Asset quality improved after aggressive loan restructuring in 2Q-3Q15. But risks of higher NPLs remain. The government is also calling for lower lending rates to speed up Indonesia's economic recovery.
Loans grew 12.2 percent YoY, with corporate lending now at 33 percent of its portfolio. Combined with rising CASA on the back of its wholesale deposits and recovery in a single account, NIM inched up to 5.9 percent from 5.6 percent in 3Q15. Aggressive restructuring in 2Q-3Q15 brought down NPLs to 2.6 percent by end- 2015 from its 2.8 percent peak at end-3Q15. This was followed by rising coverage to 145 percent from 136 percent as BMRI maintains conservative provisioning.

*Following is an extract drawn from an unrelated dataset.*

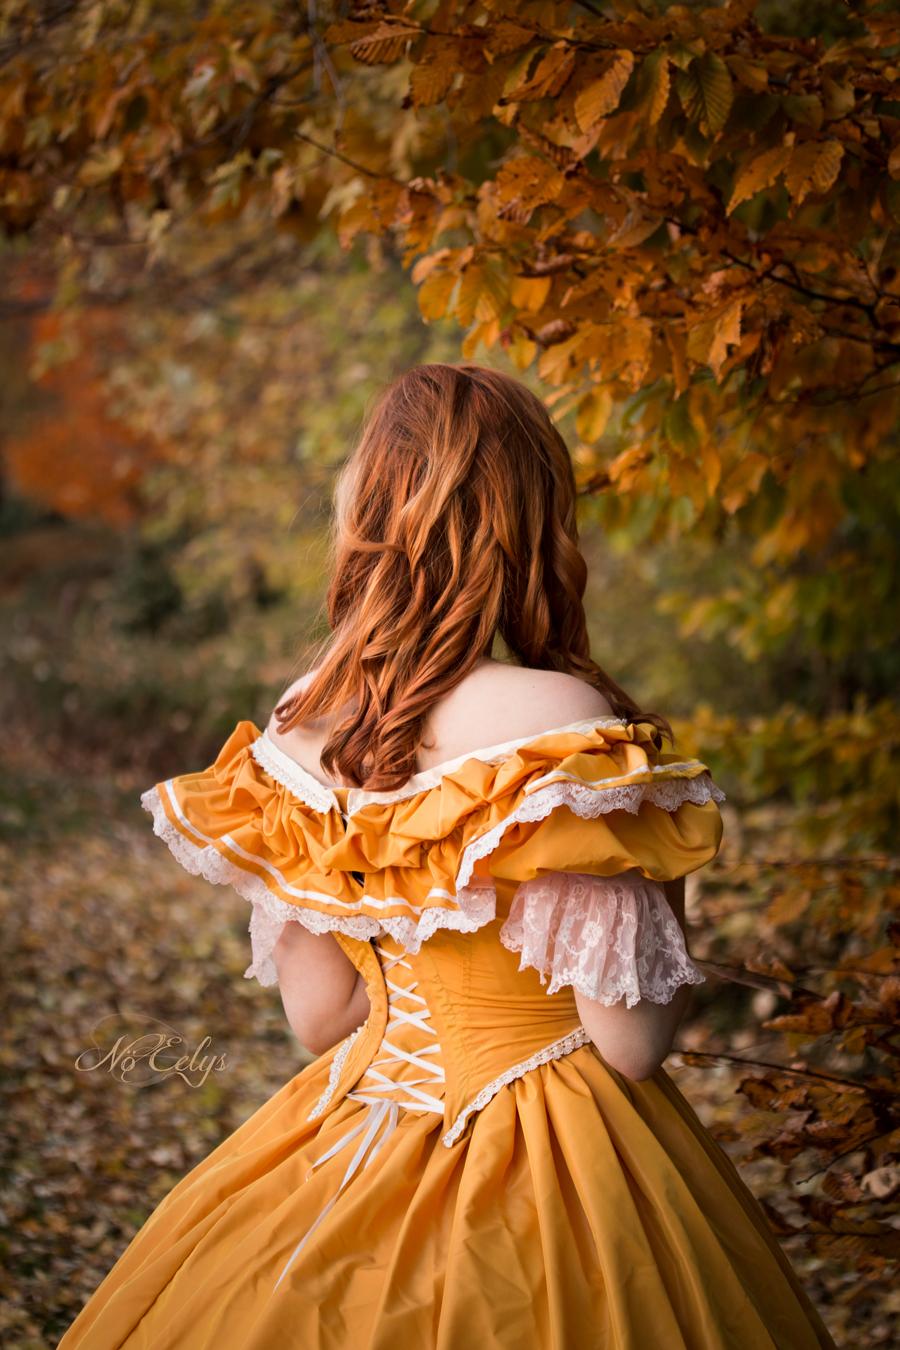 Un Dernier Automne, photo romantique avec robe d'époque signée Angy Art par Nö Eelys photographe alternative Paris, modèle alternative Aryanne Morth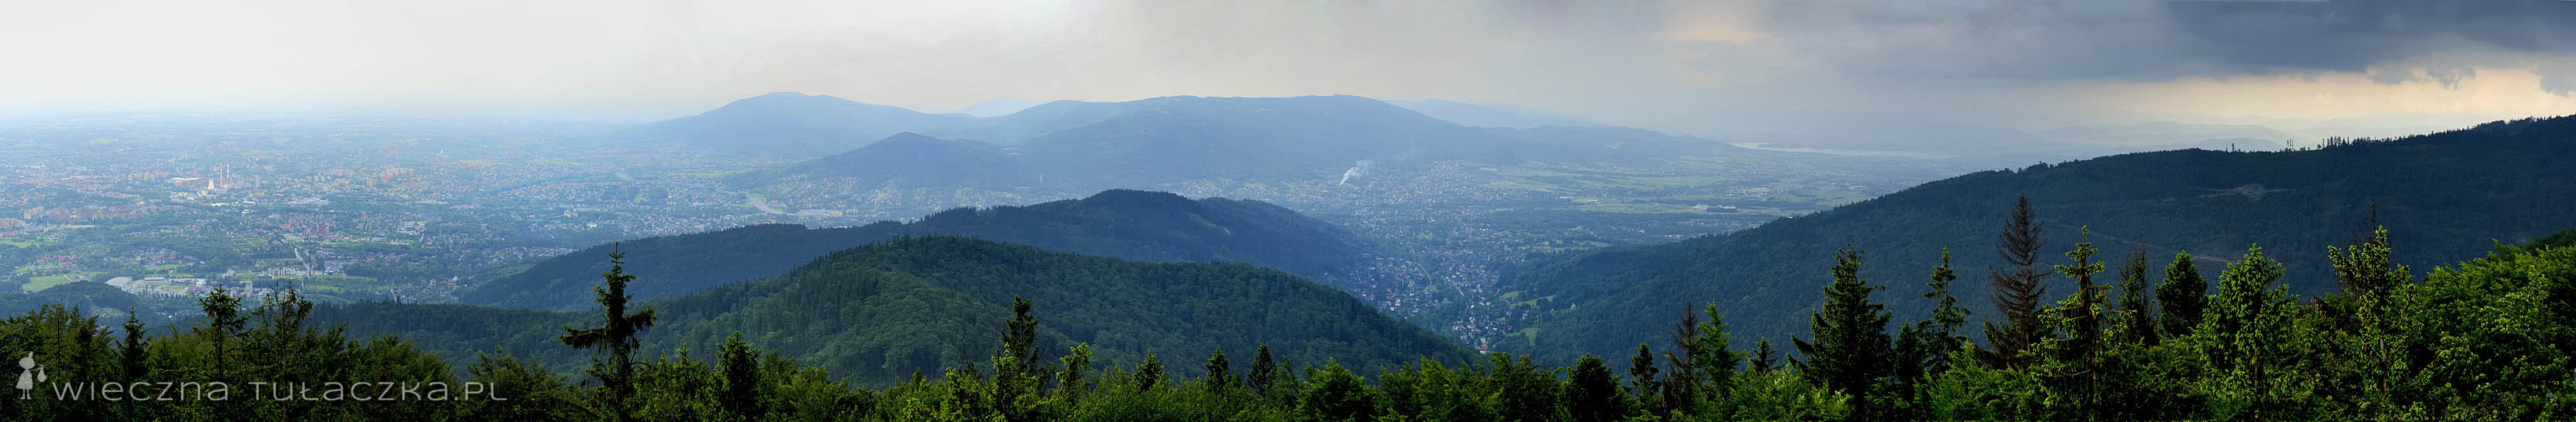 Szyndzielnia panorama

We think the higher NPL buffer is necessary as BMRI still faces asset quality risks, especially in its commercial segment. NPLs here rose despite strong 12 percent YoY growth and huge write-offs in 2015. Hence, we maintain our 3 percent NPL assumption for end-2016, at the upper end of management's forecast range. Our 4 percent YoY EPS-growth forecast is unchanged.